I let them bath themselves 2 days before caging day and then just wipe anything else off with a baby wipe or a cloth. Frillbacks are a challenge as bathing them close to a show can ruin their curls


----------



## Shadybug Lofts (Mar 13, 2010)

I let mine bath themselves. Then I spray them with some bird wash stuff I got to remove poop if they are still dirty. I let them dry themselves. You can use a nylon stocking and wipe them the day of the show to make them shine, always clean their feet. Some young birds don't want to bath so I just wash then in some dawn and water and then let them dry themselves, but only if they are dirty.


----------



## NZ Pigeon (Nov 12, 2011)

Shadybug Lofts said:


> I let mine bath themselves. Then I spray them with some bird wash stuff I got to remove poop if they are still dirty. I let them dry themselves. You can use a nylon stocking and wipe them the day of the show to make them shine, always clean their feet.

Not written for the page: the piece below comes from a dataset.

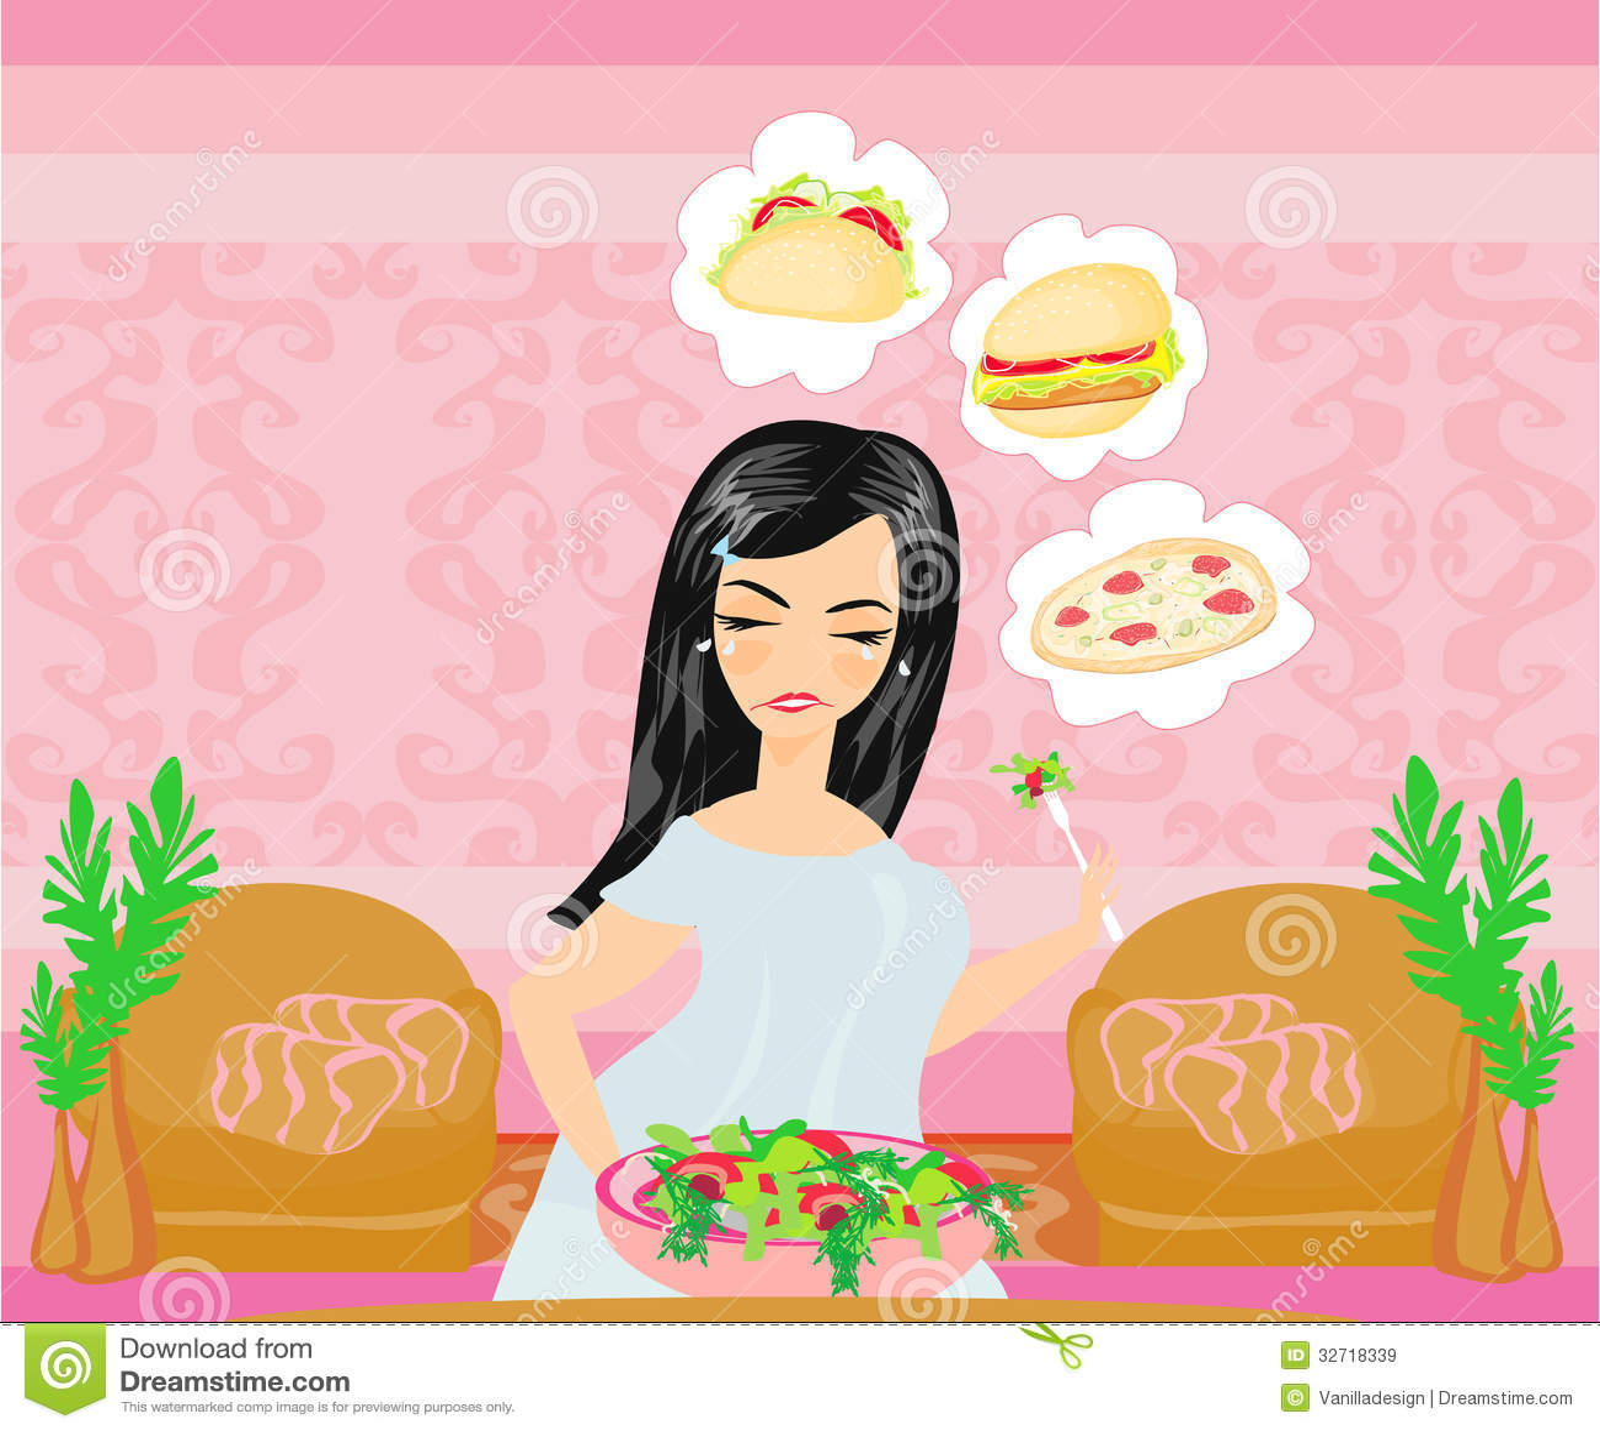 What dreams of food 25

Some young birds don't want to bath so I just wash then in some dawn and water and then let them dry themselves, but only if they are dirty.




really, I find young birds love a bath, I don't think I have ever had a pigeon that will not bath itself.


----------



## Shadybug Lofts (Mar 13, 2010)

Mine don't. I had them in a seperate pen before the last show and I tried a couple times and they wouldn't bath. In the big loft their with the breeders and the breeders did but the young birds did not. Don't know why.


----------



## NZ Pigeon (Nov 12, 2011)

My fledglings learn to bath with their parents, that might be the difference.


----------



## Jason Heidlauf (Apr 2, 2012)

I let them bath themselves .I also give them a little extra flex seed once a week . I also wipe them down with a nylon after being cooped if needed ..pretty much if you give them a good food ,clean loft a bath they take care of themselves for the most part .... The most important part is have FUN .


----------



## Jason Heidlauf (Apr 2, 2012)

when take your bird to the show look at all the birds ask questions you will learn a lot .most people don't have a problem answering questions and love talking about there birds .. Have you ever been to a show ?


----------



## earlofwood (Jul 1, 2012)

Thanks to all. @Jason, no, I have never been to a show but would like to enter a bird this year.


----------



## Jason Heidlauf (Apr 2, 2012)

shows are fun . the people are easy to get along with . it's not like a dog or horse show where people tend to be snobbish. I know this first hand as I use to show my horses . .
what part of the country are you from ? the reason I ask show season is near . here are a few links to help you find a show all you need to do is get in contact with the clubs puttin g on the show and ask them for a entry form 
hhttp://www.pigeonclubsusa.com/calendar.htm ttp://www.pigeoncote.com/shows/shows.html 


http://www.npausa.com/store/store.htm


----------



## earlofwood (Jul 1, 2012)

@ Jason, Thanks, I am in Utah. It seems like the show is in November but I am not sure. The State Fair has a show in August I think. I will check it out, thanks!


----------